24. What are the causes of a respiratory acidosis?
25. What is the compensatory response for a respiratory acidosis?
26. What is the treatment for a respiratory acidosis?
27. What are the causes of a respiratory alkalosis?
28. What is the compensatory response for a respiratory alkalosis?
29. What is the treatment for a respiratory alkalosis?
30. What defines a primary metabolic acidosis or alkalosis?
31. How is the anion gap calculated?
32. What are the causes of a metabolic acidosis?
33. What is the compensatory response for a metabolic acidosis?
34. Describe how the Stewart strong ion difference approach works.
35. What is the treatment for a metabolic acidosis?
36. What are the causes of a metabolic alkalosis?
37. What is the compensatory response for a metabolic alkalosis?
38. What is the treatment for a metabolic alkalosis?
39. How can an acute respiratory process be distinguished from a chronic process?
40. How is the Δgap determined?
41. How is the Winter’s formula used?
42. Diagram the algorithm for diagnosing an acid-base disorder.
Answers*
General definitions
1. A physiologic acid-base status optimizes enzyme function, myocardial contractility, and saturation of hemoglobin with oxygen. (334)
2. Bronsted defined an acid as a molecule that can act as a proton [H+] donor, and a base as a molecule that can act as a proton acceptor.

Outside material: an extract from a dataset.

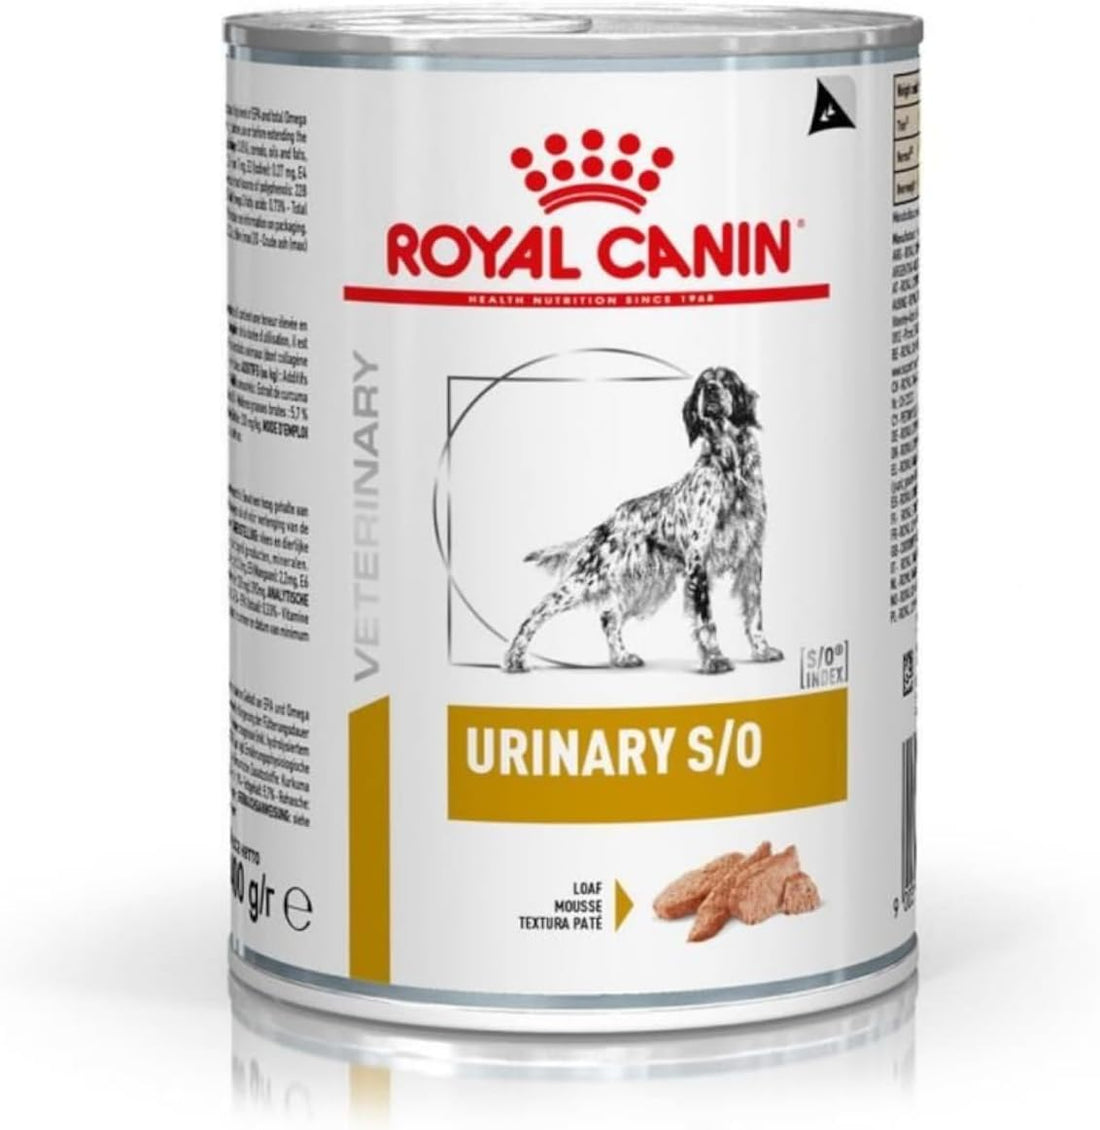 Royal Canin, busta di mangime Urinary S/O 410G

In biologic molecules, weak acids or bases are molecules that can reversibly donate H+ or reversibly bind H+. (334)
3. Acidemia is defined as an arterial pH less than 7.35 and alkalemia is defined as an arterial pH greater than 7.45. (334)
4. An acidosis is the underlying process that lowers the pH, whereas an alkalosis is the process that raises the pH. A patient can have a mixed disorder with both an acidosis and an alkalosis, but can only be either acidemic or alkalemic. (334)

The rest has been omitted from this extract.